Kohn, Rachel; Harhay, Michael O; Weissman, Gary E; Urbanowicz, Ryan; Wang, Wei; Anesi, George L; Scott, Stefania; Bayes, Brian; Greysen, S Ryan; Halpern, Scott D; Kerlin, Meeta Prasad.
Afiliação
  • Kohn R; Department of Medicine, Perelman School of Medicine, University of Pennsylvania, Philadelphia, PA, USA. rachel.kohn2@pennmedicine.upenn.edu.
  • Harhay MO; Palliative and Advanced Illness Research (PAIR) Center, University of Pennsylvania, Philadelphia, PA, USA. rachel.kohn2@pennmedicine.upenn.edu.
  • Weissman GE; Leonard Davis Institute of Health Economics, Perelman School of Medicine, University of Pennsylvania, Philadelphia, PA, USA. rachel.kohn2@pennmedicine.upenn.edu.
  • Urbanowicz R; Palliative and Advanced Illness Research (PAIR) Center, University of Pennsylvania, Philadelphia, PA, USA.
  • Wang W; Department of Biostatistics, Epidemiology and Informatics, Perelman School of Medicine, University of Pennsylvania, Philadelphia, PA, USA.
  • Anesi GL; Department of Medicine, Perelman School of Medicine, University of Pennsylvania, Philadelphia, PA, USA.
  • Scott S; Palliative and Advanced Illness Research (PAIR) Center, University of Pennsylvania, Philadelphia, PA, USA.

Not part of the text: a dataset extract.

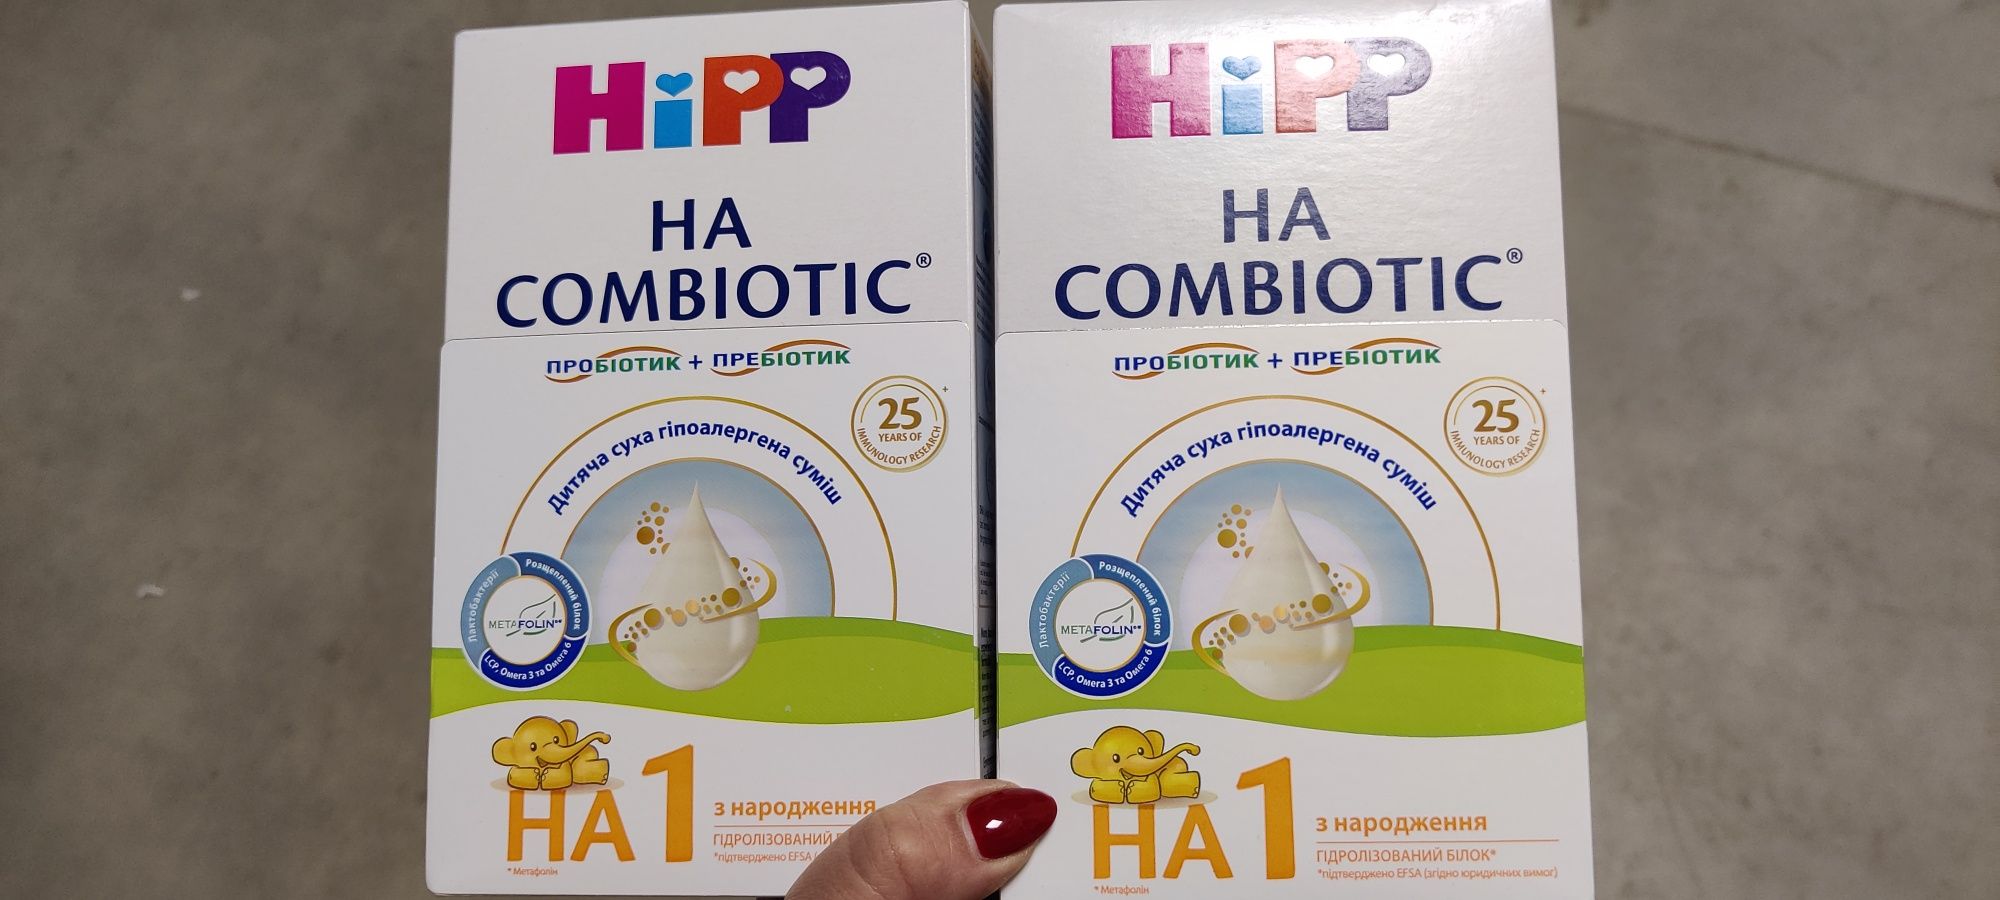 Ціна за 2 HIPP  Combiotic НА 1 гіпоалергенна з 
 
Суміш мол

  • Bayes B; Leonard Davis Institute of Health Economics, Perelman School of Medicine, University of Pennsylvania, Philadelphia, PA, USA.
  • Greysen SR; Cedars-Sinai, West Hollywood, CA, USA.
  • Halpern SD; Palliative and Advanced Illness Research (PAIR) Center, University of Pennsylvania, Philadelphia, PA, USA.
  • Kerlin MP; Department of Medicine, Perelman School of Medicine, University of Pennsylvania, Philadelphia, PA, USA.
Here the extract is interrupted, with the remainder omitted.